**Action item**
All that is needed is an exact repetition of the lines from the one containing "Strawberry blueberry jam" through the final line of the material, without pictures.

**Data below**
○ ○ ○ ○ ○

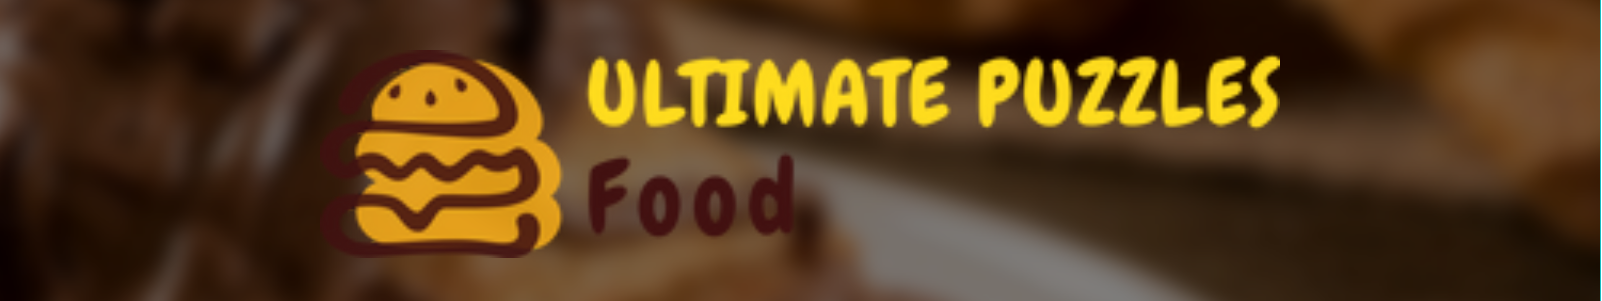 Ultimate Puzzles Food
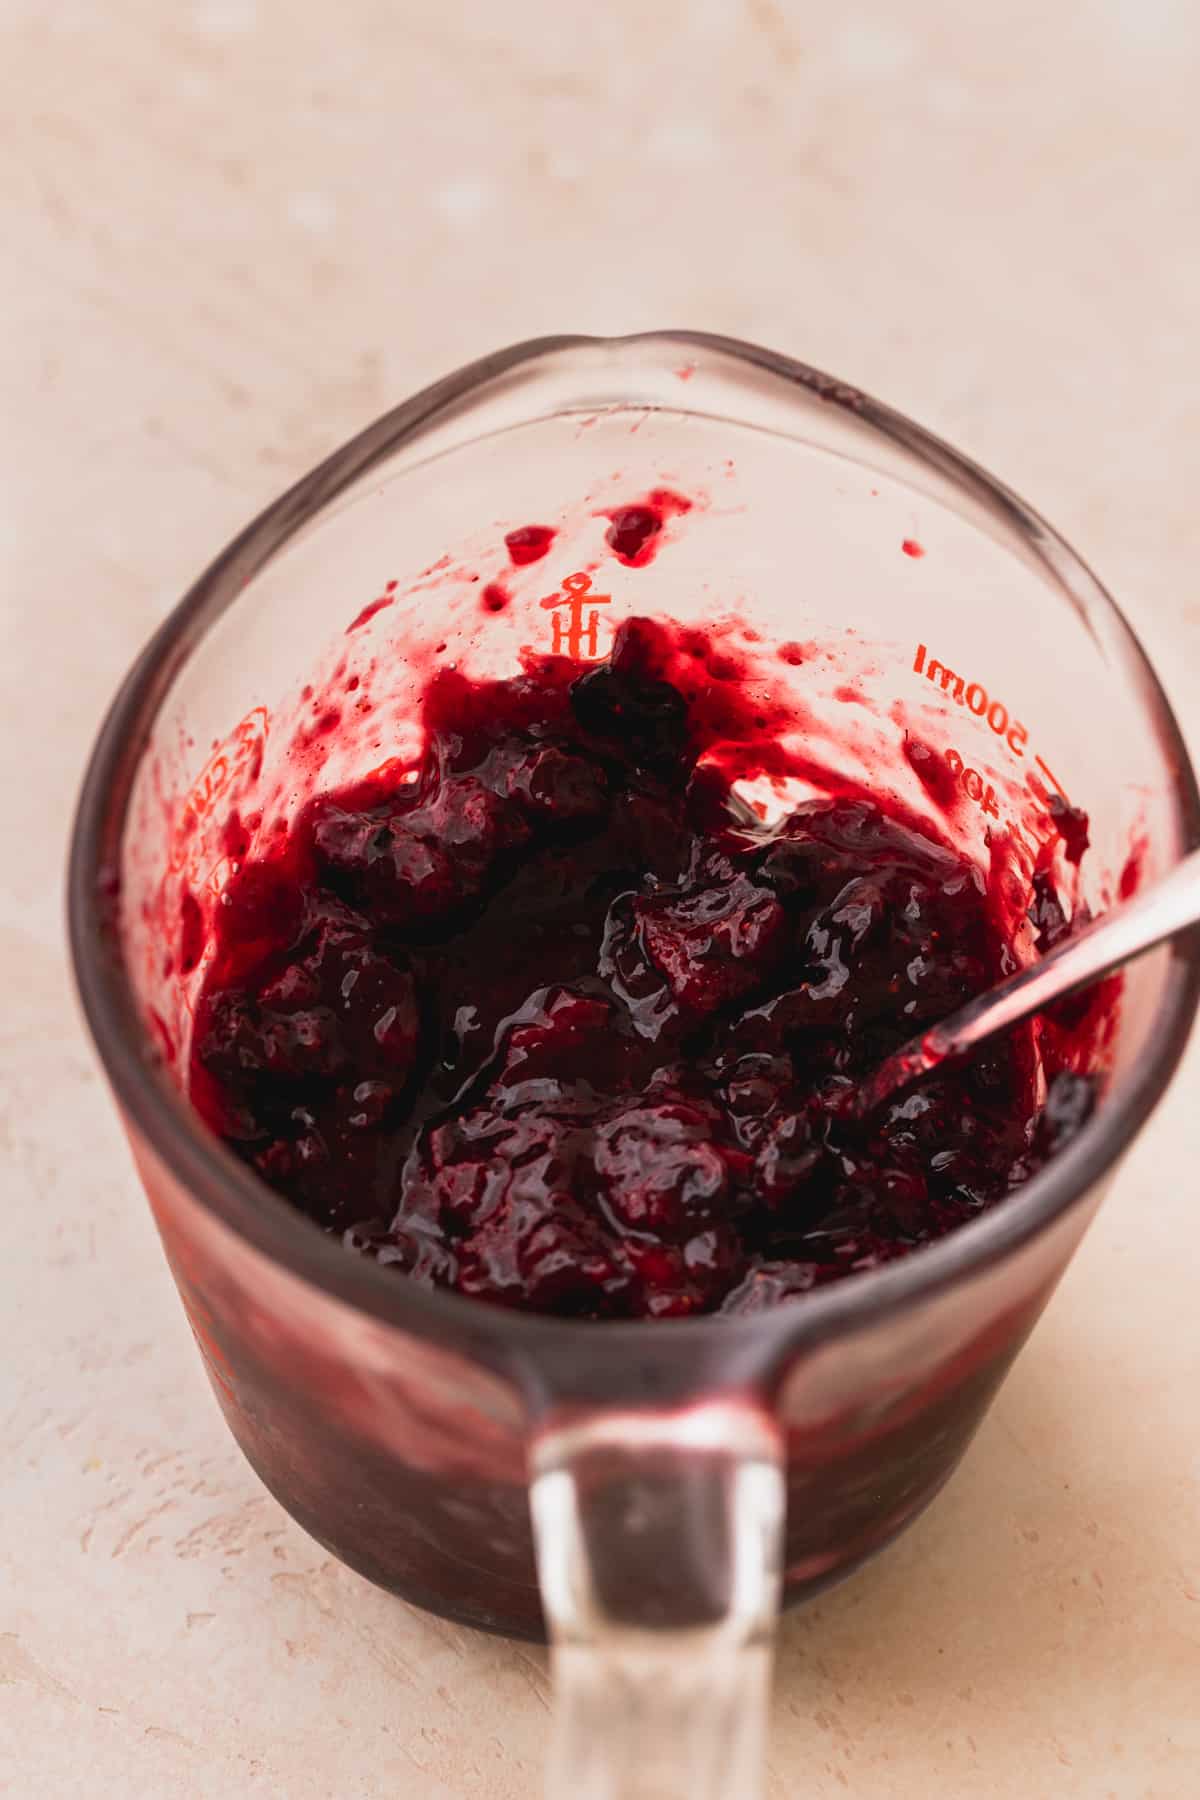 Strawberry blueberry jam in a glass measuring cup.
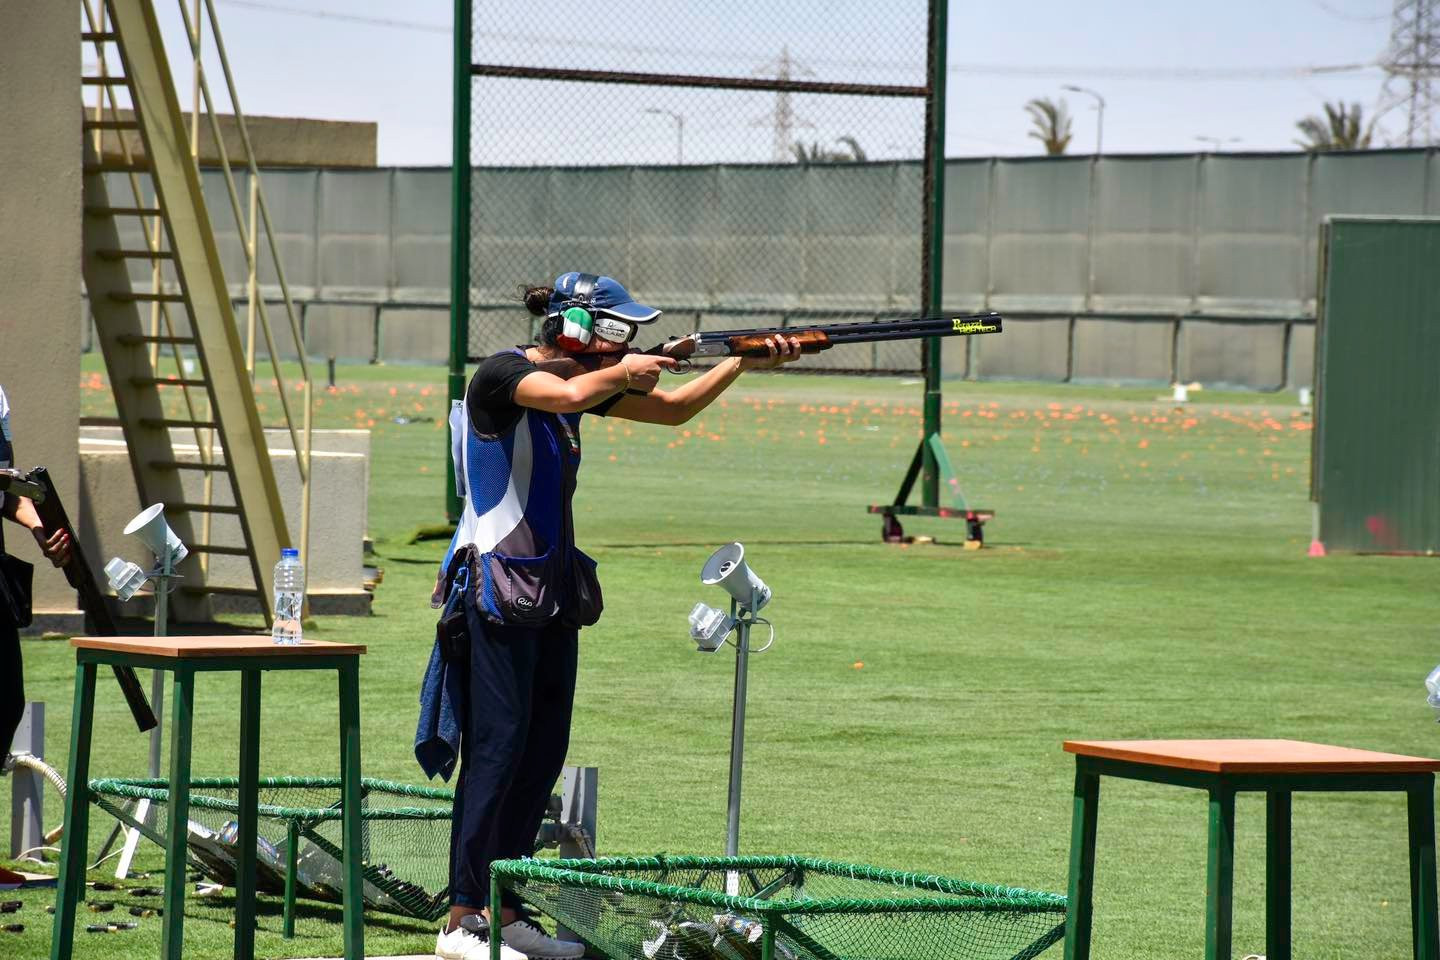 Italy topped the ISSF Shotgun World Cup medals table in Cairo ©ISSF

○ ○ ○ ○ ○

**Solved exercise**
 Strawberry blueberry jam in a glass measuring cup.
 Italy topped the ISSF Shotgun World Cup medals table in Cairo ©ISSF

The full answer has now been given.